◆ **What the exercise asks**: Return only that part of the material below which starts with the line containing "VGN Dragonfly F1 Moba" and goes on through the line containing "Tendrils of white", restated exactly.

---*---

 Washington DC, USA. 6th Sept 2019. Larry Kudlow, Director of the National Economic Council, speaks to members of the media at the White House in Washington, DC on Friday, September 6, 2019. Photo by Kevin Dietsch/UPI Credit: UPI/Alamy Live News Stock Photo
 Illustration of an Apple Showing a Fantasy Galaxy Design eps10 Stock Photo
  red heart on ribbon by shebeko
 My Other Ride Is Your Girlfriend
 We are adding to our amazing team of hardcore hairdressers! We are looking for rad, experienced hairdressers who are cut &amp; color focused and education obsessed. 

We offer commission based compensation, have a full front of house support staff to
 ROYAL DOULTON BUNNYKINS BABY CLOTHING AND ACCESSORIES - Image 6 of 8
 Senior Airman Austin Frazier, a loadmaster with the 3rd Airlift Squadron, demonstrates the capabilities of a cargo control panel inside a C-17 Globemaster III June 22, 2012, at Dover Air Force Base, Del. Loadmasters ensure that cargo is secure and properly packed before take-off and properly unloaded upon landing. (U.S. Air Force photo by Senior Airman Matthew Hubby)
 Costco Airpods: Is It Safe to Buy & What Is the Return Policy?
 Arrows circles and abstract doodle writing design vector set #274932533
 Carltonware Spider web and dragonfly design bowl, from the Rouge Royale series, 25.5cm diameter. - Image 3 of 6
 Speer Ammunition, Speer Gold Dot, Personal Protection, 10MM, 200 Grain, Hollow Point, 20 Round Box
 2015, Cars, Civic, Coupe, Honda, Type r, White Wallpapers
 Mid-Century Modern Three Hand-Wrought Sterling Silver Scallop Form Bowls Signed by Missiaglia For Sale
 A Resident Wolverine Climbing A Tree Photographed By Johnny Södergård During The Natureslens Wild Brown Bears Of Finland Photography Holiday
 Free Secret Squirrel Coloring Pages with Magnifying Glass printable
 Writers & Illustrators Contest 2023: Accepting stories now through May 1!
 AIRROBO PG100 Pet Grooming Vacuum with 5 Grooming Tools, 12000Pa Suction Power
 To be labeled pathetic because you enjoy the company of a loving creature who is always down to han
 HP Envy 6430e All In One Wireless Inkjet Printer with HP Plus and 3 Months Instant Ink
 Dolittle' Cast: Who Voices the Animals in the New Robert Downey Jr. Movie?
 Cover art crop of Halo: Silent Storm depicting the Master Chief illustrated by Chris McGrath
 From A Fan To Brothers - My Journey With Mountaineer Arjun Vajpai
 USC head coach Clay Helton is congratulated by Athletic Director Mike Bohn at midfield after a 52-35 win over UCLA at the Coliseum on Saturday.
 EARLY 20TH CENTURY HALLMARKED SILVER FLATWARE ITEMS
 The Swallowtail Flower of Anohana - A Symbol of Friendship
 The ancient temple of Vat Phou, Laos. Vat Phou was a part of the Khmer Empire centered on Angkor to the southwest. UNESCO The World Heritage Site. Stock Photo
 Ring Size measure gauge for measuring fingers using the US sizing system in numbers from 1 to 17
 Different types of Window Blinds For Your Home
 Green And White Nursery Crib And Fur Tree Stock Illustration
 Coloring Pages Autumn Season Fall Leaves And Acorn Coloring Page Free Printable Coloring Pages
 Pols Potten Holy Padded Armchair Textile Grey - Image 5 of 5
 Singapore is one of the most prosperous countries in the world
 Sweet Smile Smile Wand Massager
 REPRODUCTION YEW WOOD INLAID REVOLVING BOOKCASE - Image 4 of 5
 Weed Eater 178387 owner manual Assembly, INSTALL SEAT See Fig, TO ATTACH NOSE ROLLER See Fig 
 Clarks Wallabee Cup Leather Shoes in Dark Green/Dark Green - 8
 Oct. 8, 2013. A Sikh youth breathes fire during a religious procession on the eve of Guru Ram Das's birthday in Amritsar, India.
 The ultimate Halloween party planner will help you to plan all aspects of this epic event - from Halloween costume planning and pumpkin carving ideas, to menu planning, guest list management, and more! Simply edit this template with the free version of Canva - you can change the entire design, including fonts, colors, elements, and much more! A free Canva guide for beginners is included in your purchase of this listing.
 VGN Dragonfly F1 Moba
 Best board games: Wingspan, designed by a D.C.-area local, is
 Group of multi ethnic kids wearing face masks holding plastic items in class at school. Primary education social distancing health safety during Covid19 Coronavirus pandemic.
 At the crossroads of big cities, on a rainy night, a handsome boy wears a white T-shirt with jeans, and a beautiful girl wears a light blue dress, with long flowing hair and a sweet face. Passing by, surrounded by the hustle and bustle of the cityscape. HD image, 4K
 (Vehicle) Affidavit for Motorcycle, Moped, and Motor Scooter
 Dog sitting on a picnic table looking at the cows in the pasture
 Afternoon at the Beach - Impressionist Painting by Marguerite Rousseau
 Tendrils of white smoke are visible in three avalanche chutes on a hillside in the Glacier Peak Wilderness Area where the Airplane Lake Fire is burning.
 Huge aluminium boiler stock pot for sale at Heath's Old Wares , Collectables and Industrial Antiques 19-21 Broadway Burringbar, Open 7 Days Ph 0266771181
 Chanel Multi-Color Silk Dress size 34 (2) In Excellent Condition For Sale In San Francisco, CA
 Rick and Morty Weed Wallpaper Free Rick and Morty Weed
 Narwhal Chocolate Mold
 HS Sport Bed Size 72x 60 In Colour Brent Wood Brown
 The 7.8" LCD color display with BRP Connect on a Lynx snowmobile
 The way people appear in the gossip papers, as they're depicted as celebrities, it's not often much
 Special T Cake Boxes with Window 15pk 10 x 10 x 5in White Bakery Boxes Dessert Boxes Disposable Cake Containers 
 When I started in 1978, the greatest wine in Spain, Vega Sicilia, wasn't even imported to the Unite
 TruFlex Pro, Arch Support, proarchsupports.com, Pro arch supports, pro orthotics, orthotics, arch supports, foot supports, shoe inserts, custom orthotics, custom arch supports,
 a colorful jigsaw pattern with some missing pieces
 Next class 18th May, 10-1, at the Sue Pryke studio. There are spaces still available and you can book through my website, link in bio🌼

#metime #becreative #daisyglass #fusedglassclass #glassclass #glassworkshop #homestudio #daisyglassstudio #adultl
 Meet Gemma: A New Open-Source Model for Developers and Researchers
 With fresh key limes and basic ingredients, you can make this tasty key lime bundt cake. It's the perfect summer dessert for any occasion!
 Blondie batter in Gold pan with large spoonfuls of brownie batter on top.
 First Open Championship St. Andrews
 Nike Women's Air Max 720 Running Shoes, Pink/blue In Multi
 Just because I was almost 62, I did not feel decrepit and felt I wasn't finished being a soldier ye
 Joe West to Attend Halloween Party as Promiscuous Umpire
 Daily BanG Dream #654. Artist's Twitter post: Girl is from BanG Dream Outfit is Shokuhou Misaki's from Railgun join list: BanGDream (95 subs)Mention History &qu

---*---

◆ **Task answer**:
 VGN Dragonfly F1 Moba
 Best board games: Wingspan, designed by a D.C.-area local, is
 Group of multi ethnic kids wearing face masks holding plastic items in class at school. Primary education social distancing health safety during Covid19 Coronavirus pandemic.
 At the crossroads of big cities, on a rainy night, a handsome boy wears a white T-shirt with jeans, and a beautiful girl wears a light blue dress, with long flowing hair and a sweet face. Passing by, surrounded by the hustle and bustle of the cityscape. HD image, 4K
 (Vehicle) Affidavit for Motorcycle, Moped, and Motor Scooter
 Dog sitting on a picnic table looking at the cows in the pasture
 Afternoon at the Beach - Impressionist Painting by Marguerite Rousseau
 Tendrils of white smoke are visible in three avalanche chutes on a hillside in the Glacier Peak Wilderness Area where the Airplane Lake Fire is burning.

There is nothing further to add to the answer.